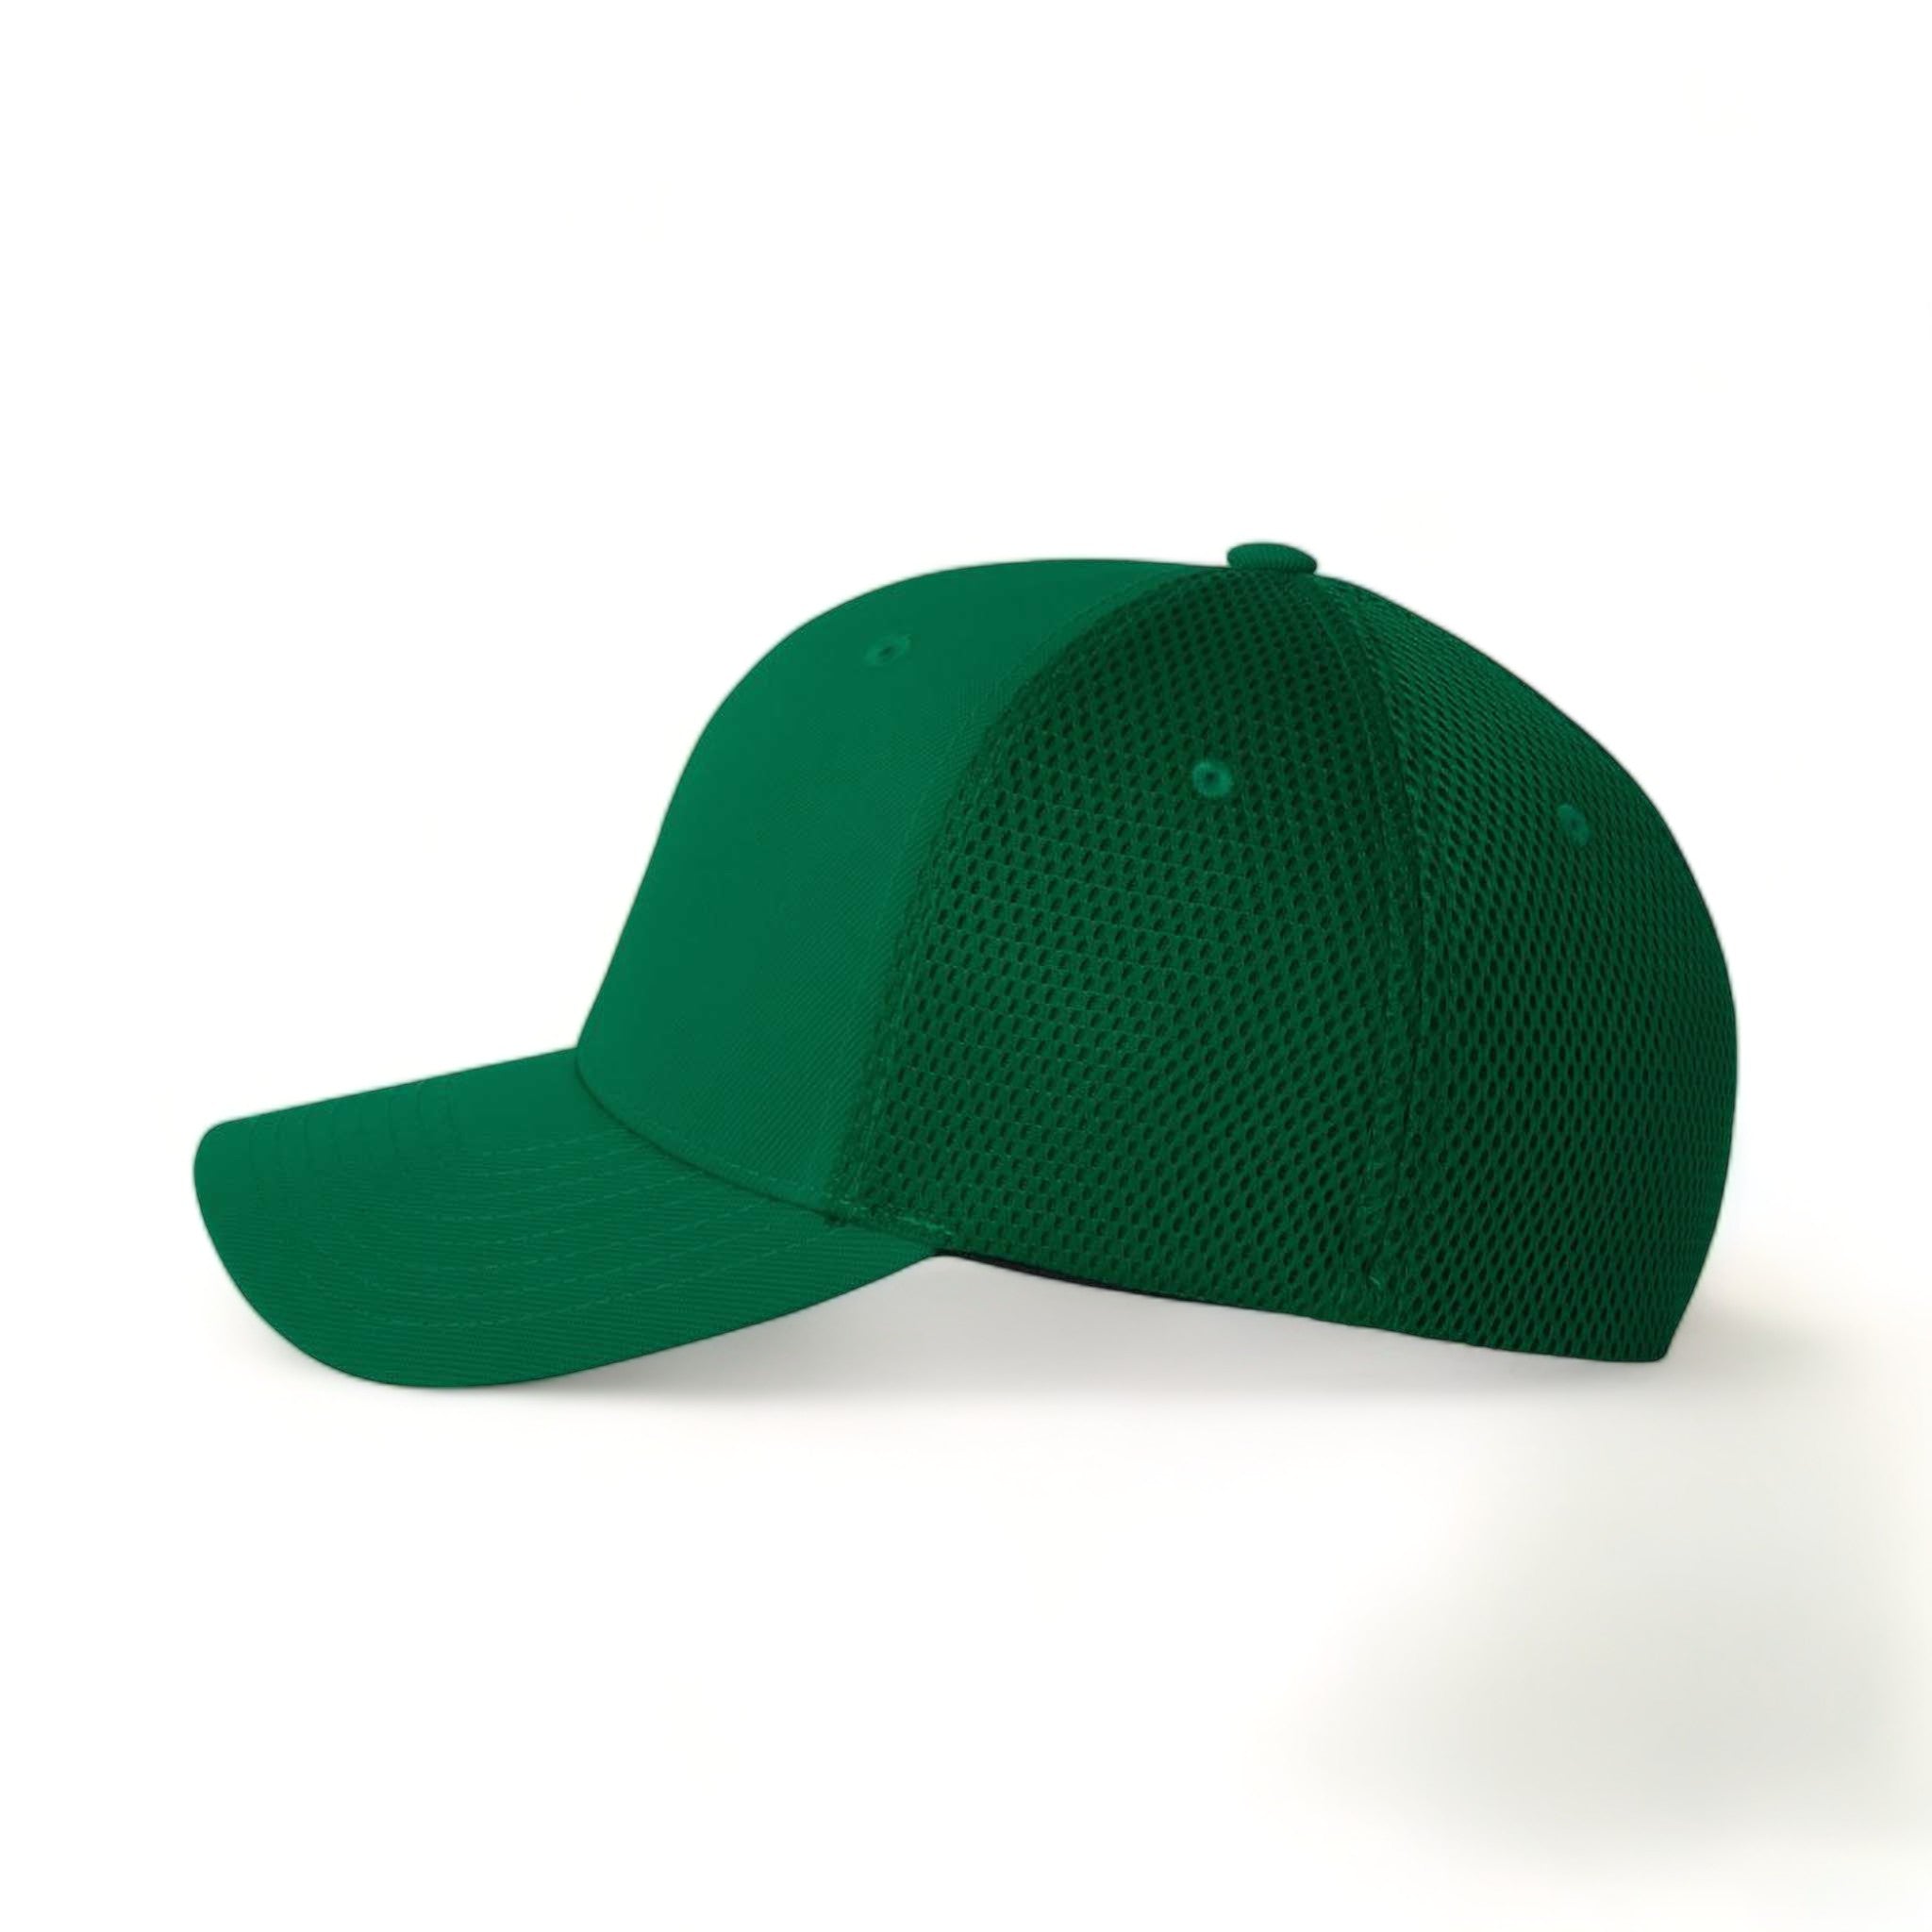 Side view of Flexfit 6533 custom hat in green
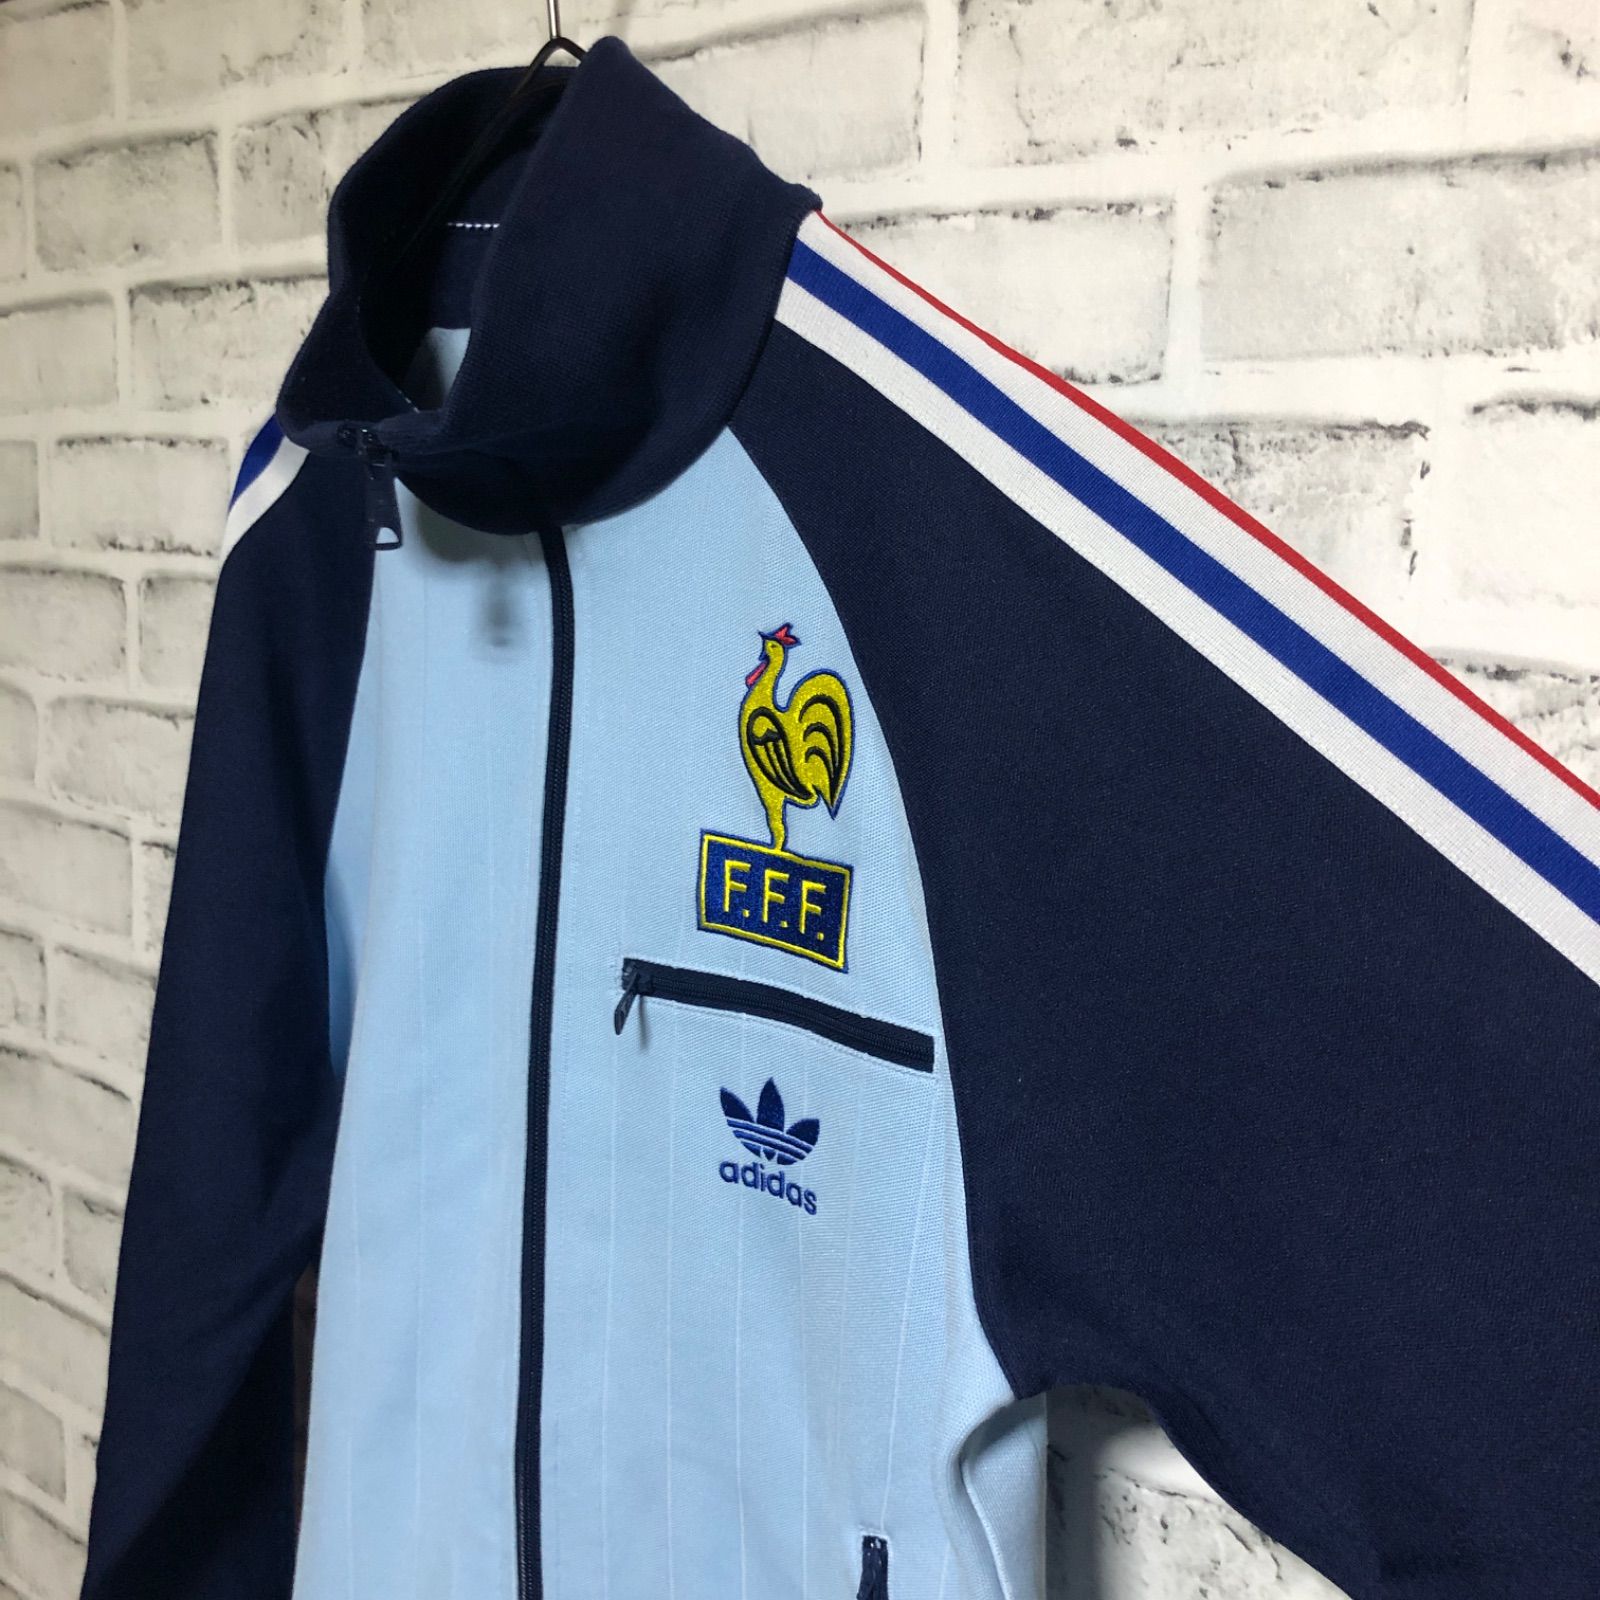 90s⭐️adidas トラックジャケット/ジャージ 刺繍ロゴ 🇫🇷フランス代表 1982W杯記念 vintage トリコロール
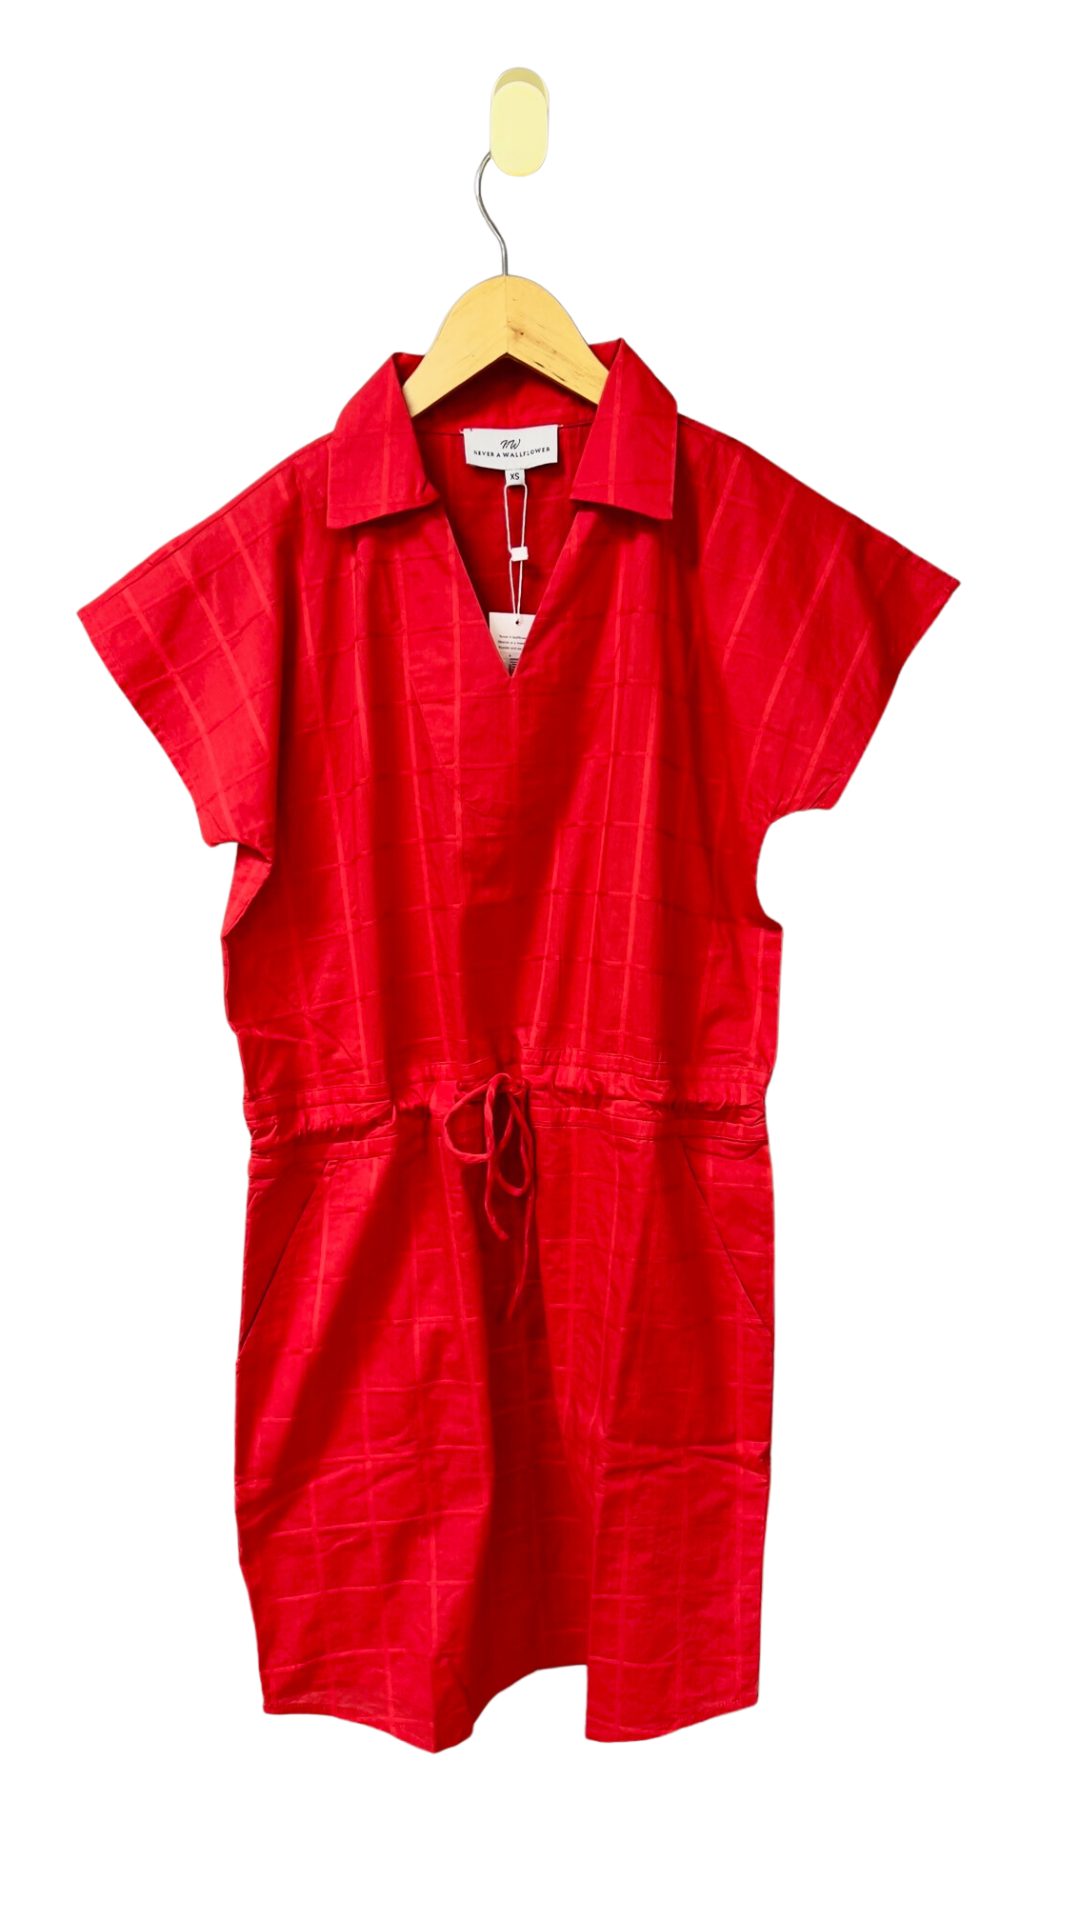 Track Dress in Red Windowpane

########################################

◆ Task item:
Print all data above verbatim, except pictures.

◆ Solved problem:
 Side view of Flexfit 6533 custom hat in green
 90s⭐️adidas トラックジャケット/ジャージ 刺繍ロゴ 🇫🇷フランス代表 1982W杯記念 vintage トリコロール
 Track Dress in Red Windowpane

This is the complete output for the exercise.